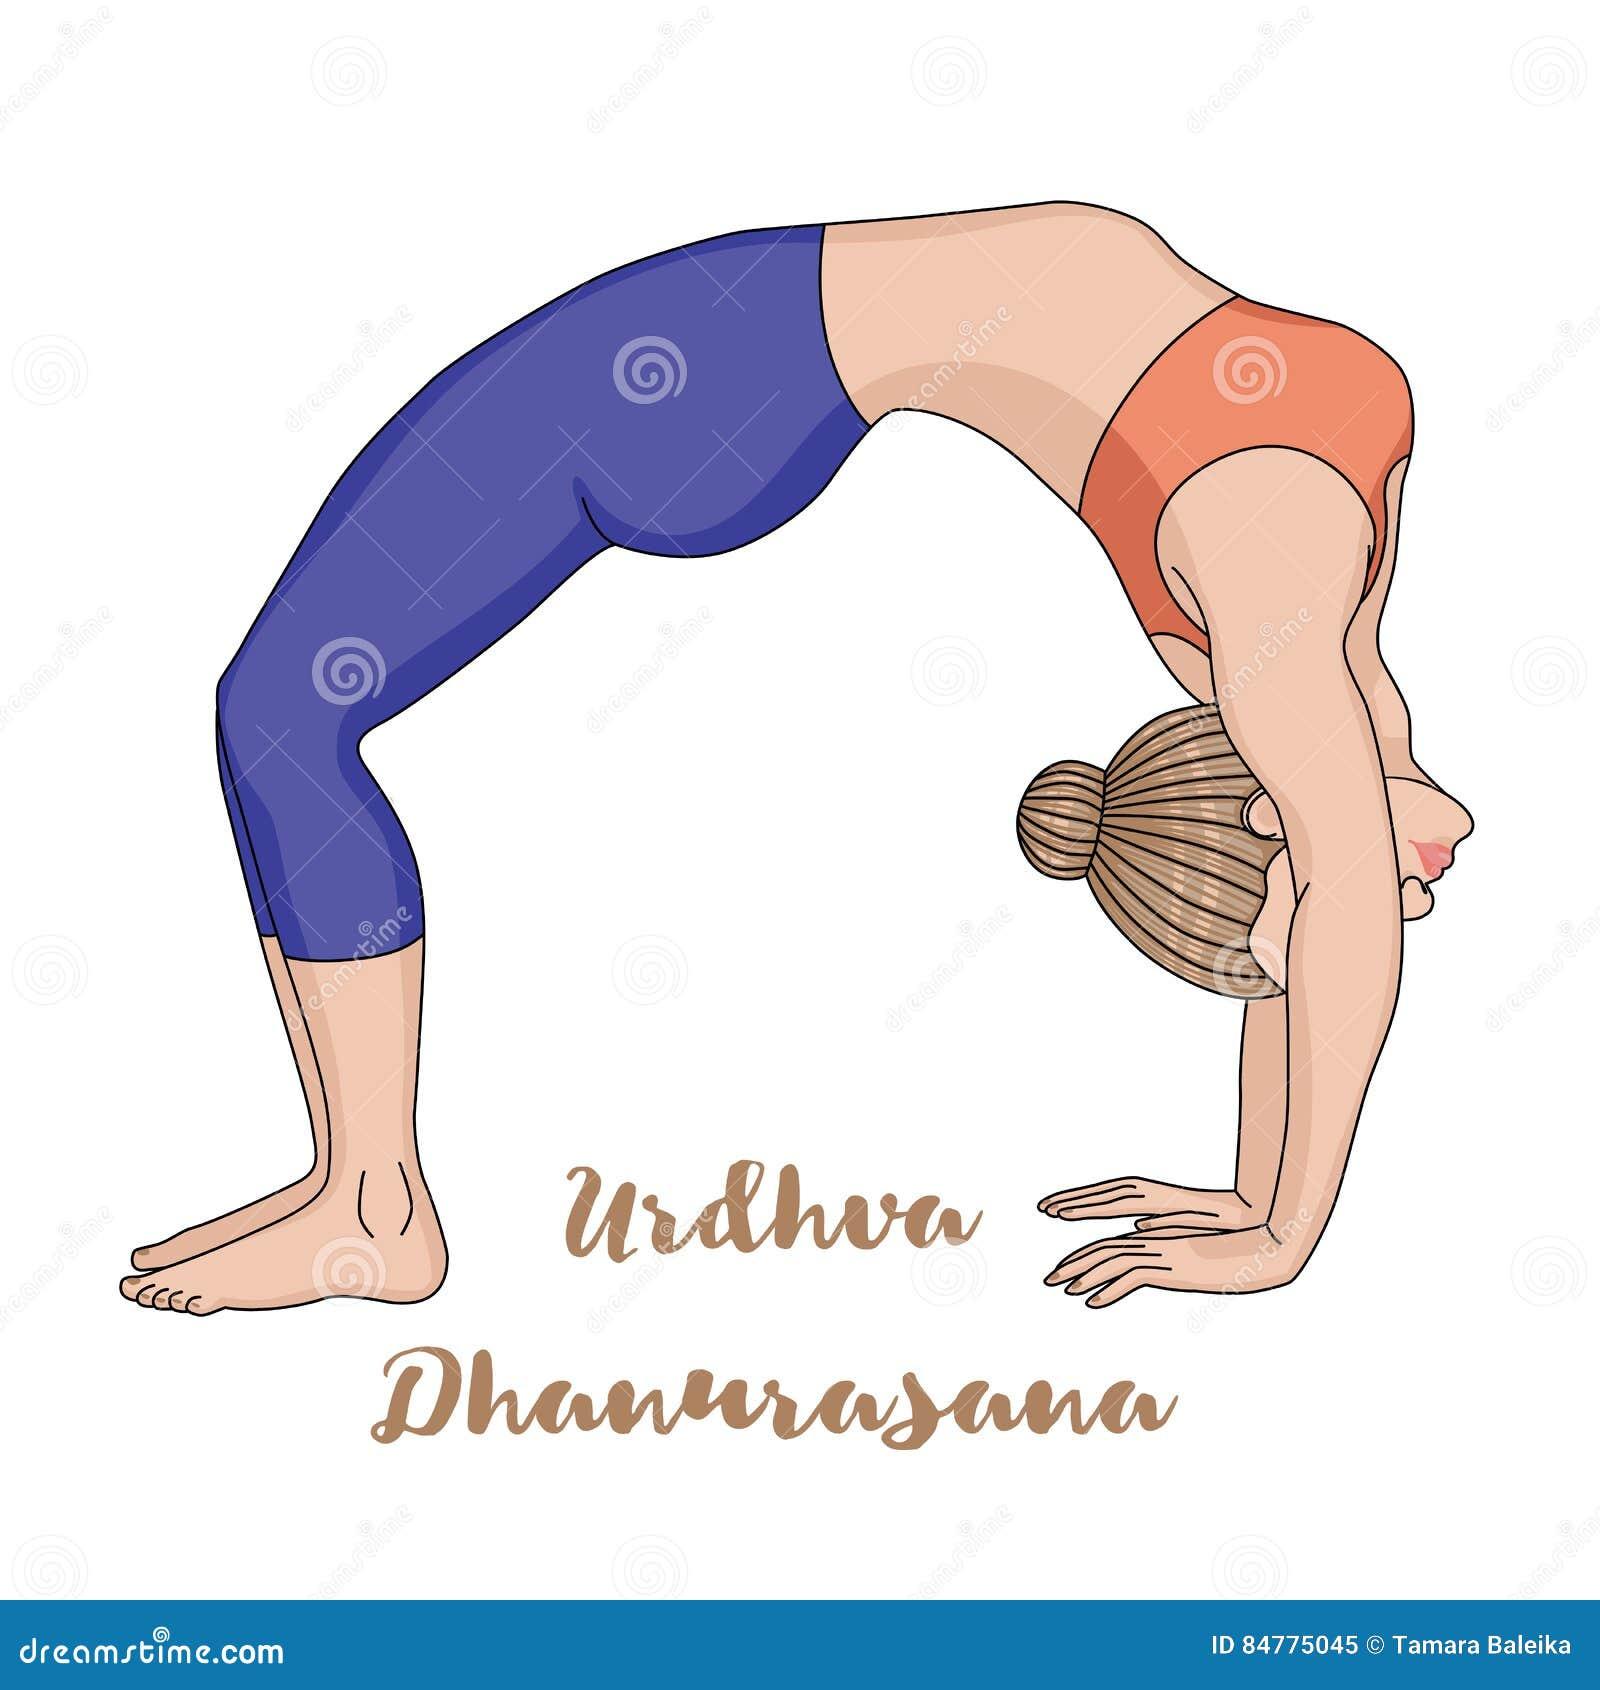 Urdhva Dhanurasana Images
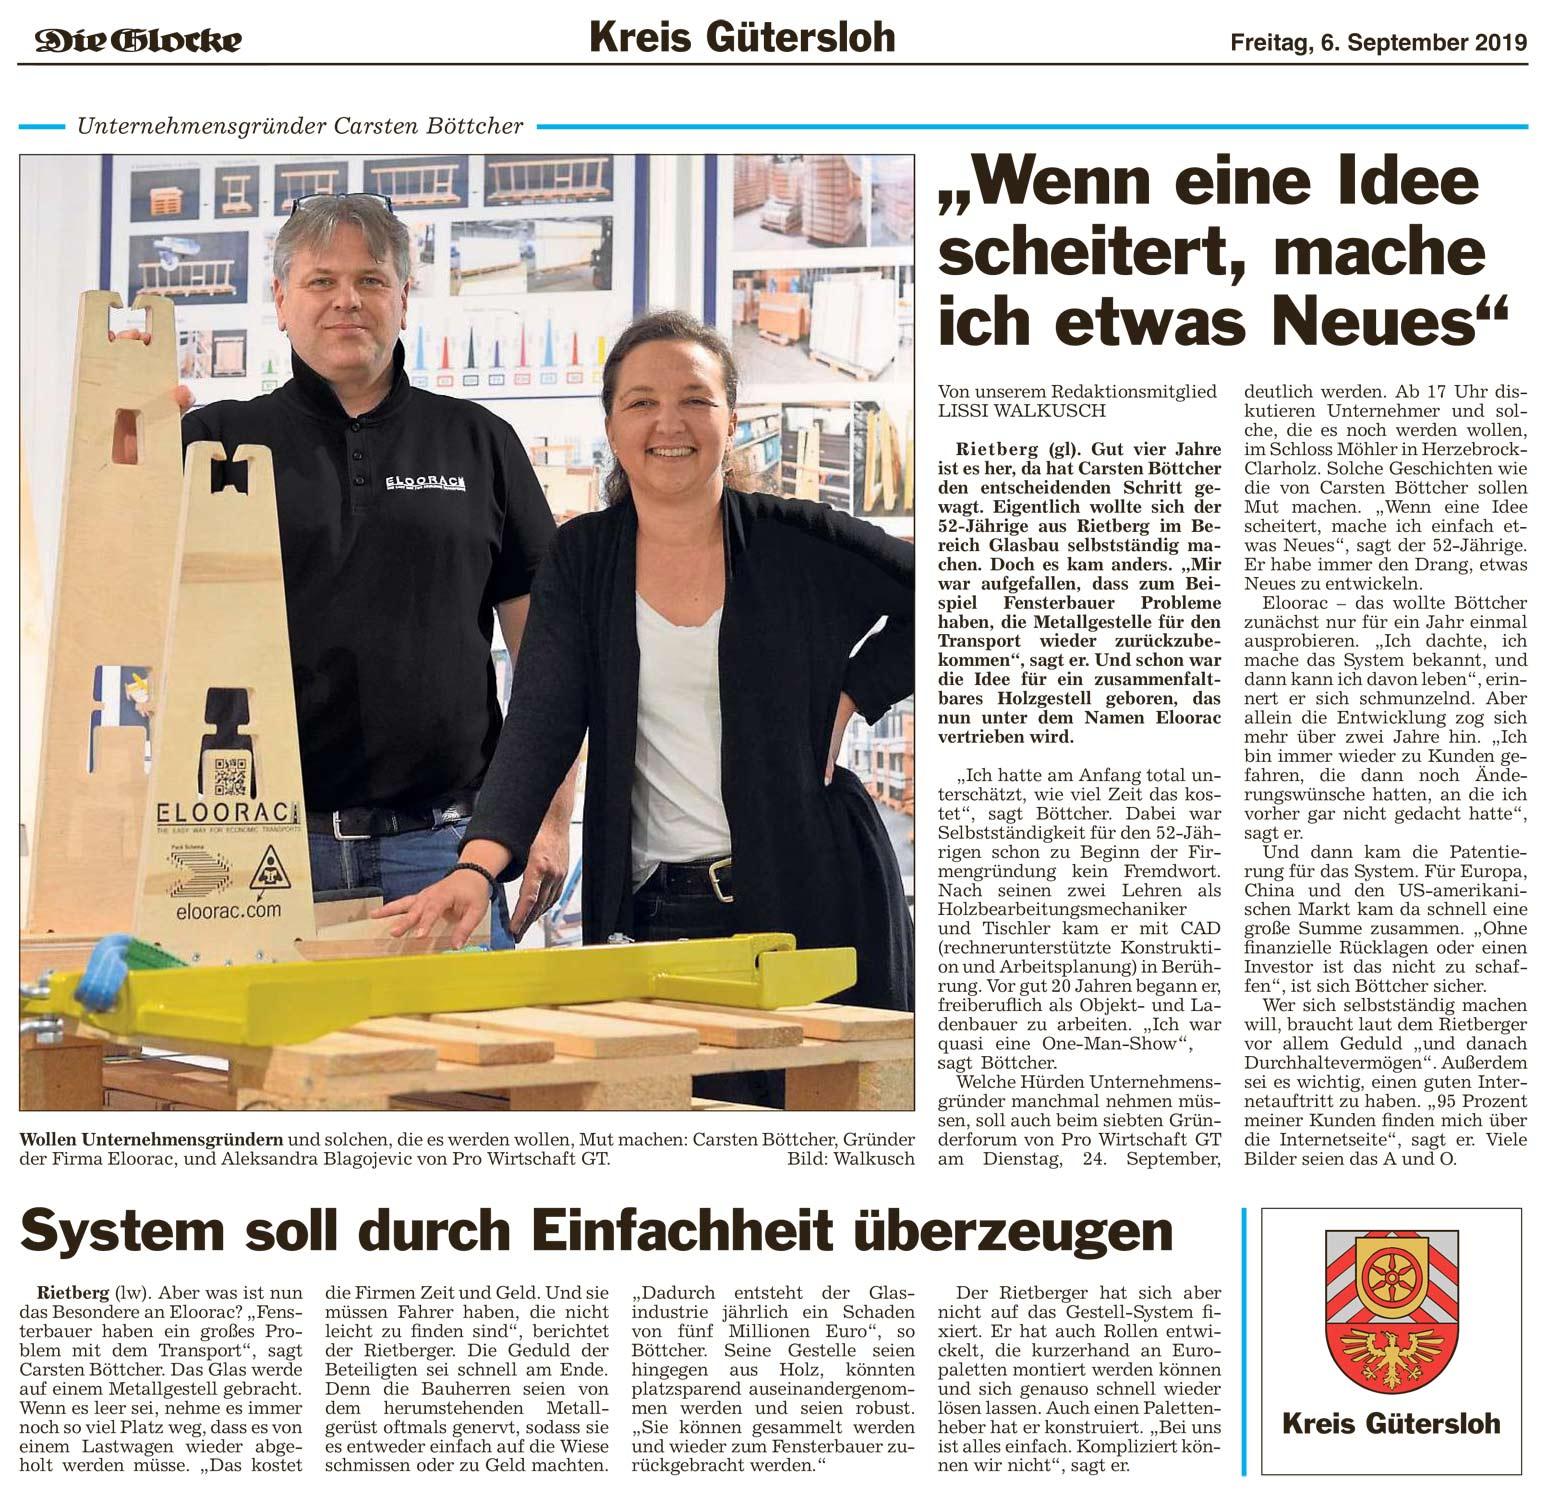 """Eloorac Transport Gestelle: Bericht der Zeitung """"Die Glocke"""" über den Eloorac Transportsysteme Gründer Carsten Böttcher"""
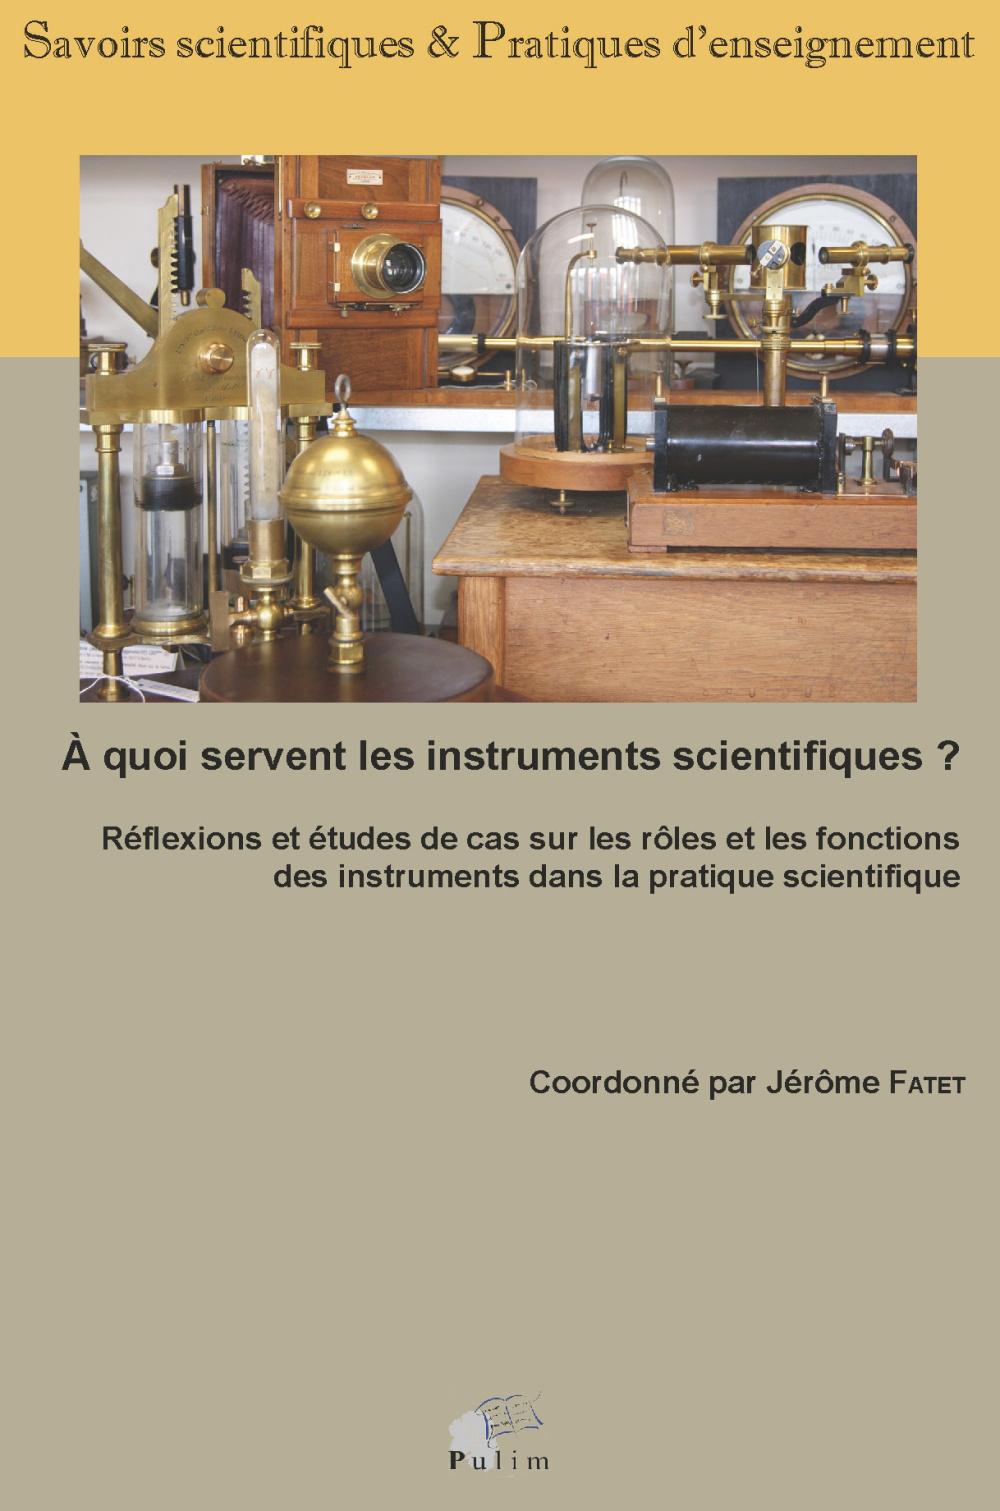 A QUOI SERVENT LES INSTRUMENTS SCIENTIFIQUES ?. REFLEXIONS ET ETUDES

*What the task requires*. Output the full material exactly as given, without its pictures.

*Solved problem*.
 Urdhva Dhanurasana Images
 """Eloorac Transport Gestelle: Bericht der Zeitung """"Die Glocke"""" über den Eloorac Transportsysteme Gründer Carsten Böttcher"""
 A QUOI SERVENT LES INSTRUMENTS SCIENTIFIQUES ?. REFLEXIONS ET ETUDES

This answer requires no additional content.